The welfare/dependency model has resulted in higher crime rates, especially among people raised with no married father in the home.  The prisons are full of inmates who had no father to raise them, a direct result of government policies rewarding broken families, or families that never really formed.  The “medicine” for poverty has made the patient far sicker.  How is that “seamlessly pro-life”?

Many on the Left warned of dire consequences as state after state allowed law-abiding citizens to carry concealed weapons.  The experiment has been conducted, and the results are in.  Overwhelmingly, law-abiding armed citizens are not a danger to society and have protected themselves and others on many occasions.  Nor are they a significant source of weapons getting into the hands of criminals.  Again, regardless of your opinion on the right to self-defense (and the means to do it), prudentially speaking, concealed carry laws (even in densely populated major cities) have been shown to be a good idea that does not endanger life and often protects it.  When a person is murdered or injured who was not allowed to be sufficiently armed to act in self-defense, how can that policy be considered part of a “consistent ethic of life”?

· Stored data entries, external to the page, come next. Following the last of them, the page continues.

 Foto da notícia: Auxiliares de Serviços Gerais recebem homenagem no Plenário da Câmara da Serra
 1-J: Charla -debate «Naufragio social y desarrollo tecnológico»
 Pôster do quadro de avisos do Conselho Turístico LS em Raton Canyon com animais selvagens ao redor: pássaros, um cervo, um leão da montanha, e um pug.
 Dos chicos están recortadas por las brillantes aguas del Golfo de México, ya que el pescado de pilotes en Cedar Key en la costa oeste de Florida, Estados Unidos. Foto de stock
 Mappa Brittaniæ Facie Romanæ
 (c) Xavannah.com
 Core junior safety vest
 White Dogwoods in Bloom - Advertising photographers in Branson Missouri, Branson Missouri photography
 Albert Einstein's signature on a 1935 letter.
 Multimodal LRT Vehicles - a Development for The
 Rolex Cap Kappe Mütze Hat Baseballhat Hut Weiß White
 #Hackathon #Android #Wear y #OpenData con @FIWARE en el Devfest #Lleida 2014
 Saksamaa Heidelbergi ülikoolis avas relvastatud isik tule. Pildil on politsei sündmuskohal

Here are some questions to ask yourself if you are attracted to the progressive view of the “consistent ethic of life:

Can you be “seamlessly pro-life” and also support social, economic and governmental policies that produce death, or encourage and support lifestyles that lead to death and/or degradation?

Can you be “seamlessly pro-life” and believe we should not actively resist those who would control us through fear, threats, and the direct practice of violence, whether they are terrorists, gang members, or foreign despots?

Can you be “seamlessly pro-life” and believe we should not defend our nation from aggression?

Can you be “seamlessly pro-life” if you support leaving people individually defenseless against predators?

Can you be “seamlessly pro-life” if you support light sentences for violent offenders who have threatened or taken life and will probably do so again?

These kinds of considerations are critical in seeking a “consistent ethic of life.”  Christian voters must think carefully and support candidates whose overall perspectives and policy prescriptions are likely to lead people to make better choices in their own lives.   Christian voters should avoid voting for candidates who support policies that have already been shown to produce undesirable unintended consequences, especially motivation-killing entitlement programs.

The real “seamless garment” will include opposition to legal abortion-on-demand, opposition to social programs and entitlements that encourage dependency and sloth while killing motivation, support for strong law enforcement that removes predators from easy access to victims, reasonable options for law-abiding individuals to actively defend themselves and their families, strong national defense to deter attack, and encouragement for people to move out of destructive lifestyles.

That is the true “consistent ethic of life.”